First, a quick note to thank the many Gazette donors these last two weeks, who flooded our website and mailbox to help match the $5,000 put up by generous supporters. The Gazette’s summer fundraiser continues through this Sunday, September 7, though without the match to double your contributions. Your donations now will still allow us to help pay staff and fund the technology that helps us create the weekly Gazette issue.
With the work of The Hardwick Gazette centered on the town of Hardwick, though with our office now in Greensboro, it connects two towns that are close to me since I took a gamble and moved here to house sit during the Greensboro winter of 1989-90.
The next summer I started building a house in East Hardwick on land my parents bought in 1969, and haven’t found a reason to leave the area since.
That’s all to say, I’ve been swimming in Caspian Lake since 1962, so it’s important to me, as it is to both towns; Hardwick that owns the town beach and Greensboro, where the lake is. Over the years there have been ongoing struggles over the property, but mostly imposed from outside, and then, mostly by the State of Vermont. Today’s front page story tells a recent part of that tale involving the lake level and how it is regulated.
I’m glad I don’t have to make the decision about setting the level of Caspian Lake. The many interests involved are likely to leave no one 100 percent satisfied with an appropriate solution. Perhaps the most important current concern is the safety of the dam, for which there have been many calls for the Hardwick Electric Department (HED) to have engineers investigate the dam’s safety in recent years, but no detailed evaluation or plan for its maintenance has been created. (At least not one that’s been publicly shared.)
The potential of releasing almost a billion gallons of water must certainly give the state Department of Environmental Conservation (DEC) engineer reason for concern. The current setting of the dam’s weir seems to prevent water from over-topping it in flood conditions and I’ll bet they’d rather have it even lower than it is now, to reduce pressure from high water events on the deteriorating structure.

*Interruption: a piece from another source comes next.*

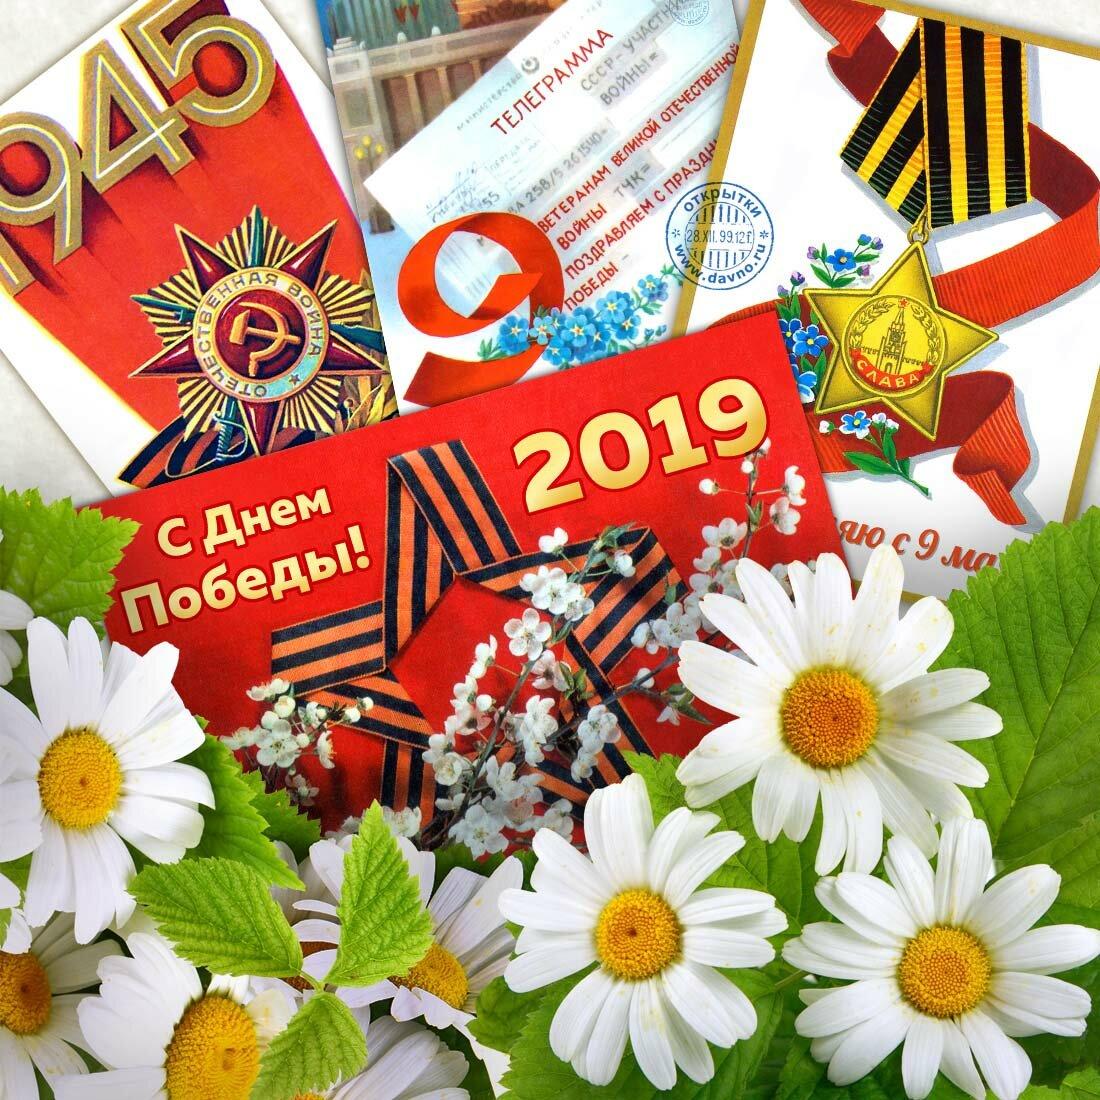 Яндекс картинки с 9 мая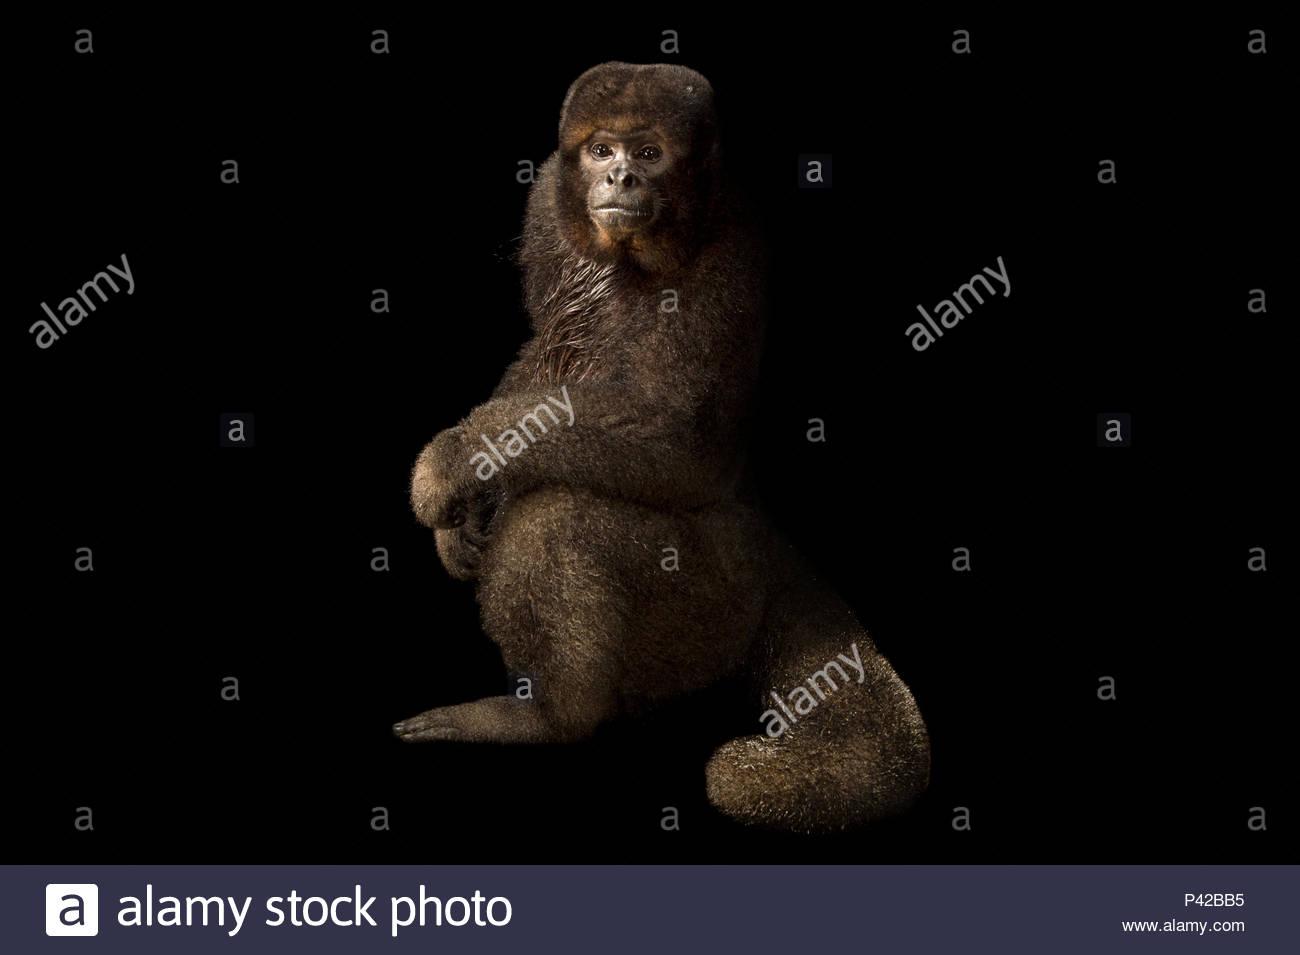 A brown woolly monkey, Lagothrix lagothrica lagothrica, at Piscilago Zoo. Stock Photo

Other concerns, from lakeshore property owners and recreational users of the lake, need to be considered as well, though likely as a lower priority than the safety of downstream communities.
HED likely doesn’t want or need to own a dam they can no longer use to regulate water levels downstream at its Wolcott power station. And they most certainly will have difficulty finding any economic reason, other than liability, in asking customers to fund maintenance which the state has made useless as a tool for them. This echoes similar issues with other Vermont dams, including the Green River Reservoir in Morrisville.
Thankfully there have been no calls to remove the Caspian Lake dam as far as I know, which would perhaps resolve the maintenance issue, but likely be met with considerable objection from a majority of those with an interest in the subject.
I can’t imagine the Town of Greensboro, the Town of Hardwick, the Greensboro Association (GA) or any private entity wanting to own the dam and be strapped with funding its maintenance, which leaves the State of Vermont.
That situation seems to create good reasons for the two towns, HED and the GA to collaborate in working with the state for it to take on ownership of the dam, along with creating a management plan that protects downstream villages and properties, while preserving the recreational and economic benefits it brings to the area.
Paul Fixx, editor
Paul Fixx is editor of The Hardwick Gazette and lives in Hardwick.